Fortunately, there's a lot that can be done to make it easier to breathe. For smokers, quitting smoking is always the most important step at any stage of COPD. Preventing infections is important, so make sure to be vaccinated for flu and pneumococcal disease. So are drug treatments that make it easier to breathe.

"For those with very advanced COPD, we offer pulmonary rehabilitation," Khurana says. "We focus on improving quality of life, reducing shortness of breath, and increasing exercise tolerance. Pulmonary rehab improves outcomes in COPD."

Exercise always helps. "Even if patients are still independent in daily activities and fully employed, any degree of activity would help," Khurana says. "Making sure breathing muscles are in good condition lets people use their lungs to their fullest capacity to improve shortness of breath."

In the later stages of COPD, when the lungs can't get enough oxygen, proper use of home oxygen makes a big difference.

"We make every effort to educate patients about using home oxygen on a regular basis," Khurana says. "It is one of the interventions that improve survival and longevity."

The Future of COPD

Early diagnosis of COPD has been the exception rather than the rule. As that changes, Kiley says, more and more people with COPD will enter clinical trials.
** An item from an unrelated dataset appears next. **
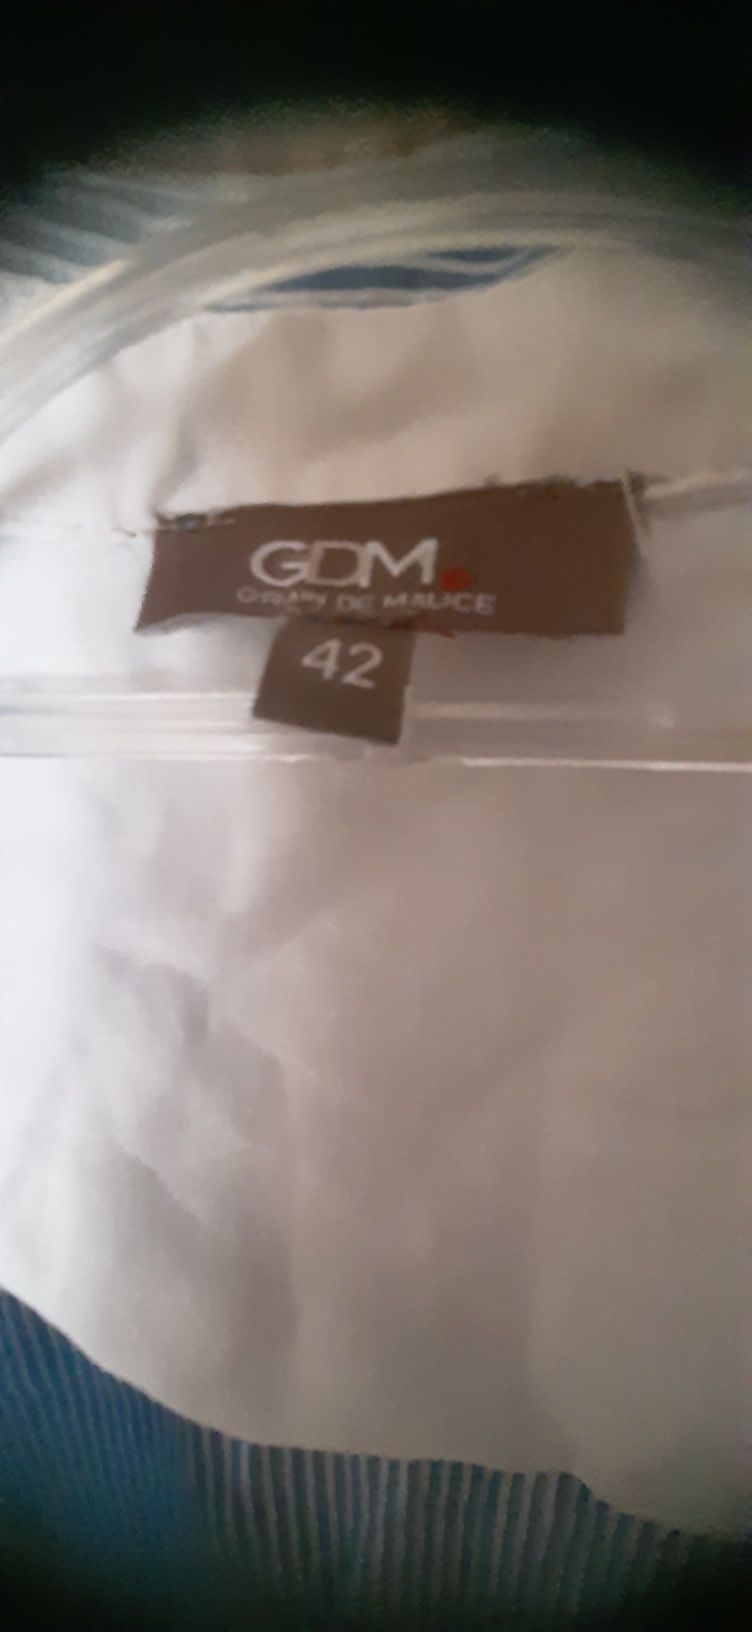 Bluzka damska koszulowa rozmiar 42 marki GDK.

Kiley says that what's needed right now are small, relatively fast clinical trials to find treatments that work for at least some people with COPD, and to learn why some treatments work for some people and not for others.

"To manage the COPD patient, we are going to have a variety of agents that will hit different disease pathways," he says. "We must then figure out how to combine them to improve lung structure and function."

And in the not-too-distant future, Kiley expects regenerative medicine to provide tools to repair lungs damaged by COPD, which is the No. 3 cause of death in the U.S.

"We are on a pathway that in 10 years will make things very different for the COPD patient," he says. "We hope for novel therapies at a minimum. And at a maximum, would like to say we can regrow lung tissue, repair lung injury, or actually cure COPD. That is a reach, but not totally out of our game plans."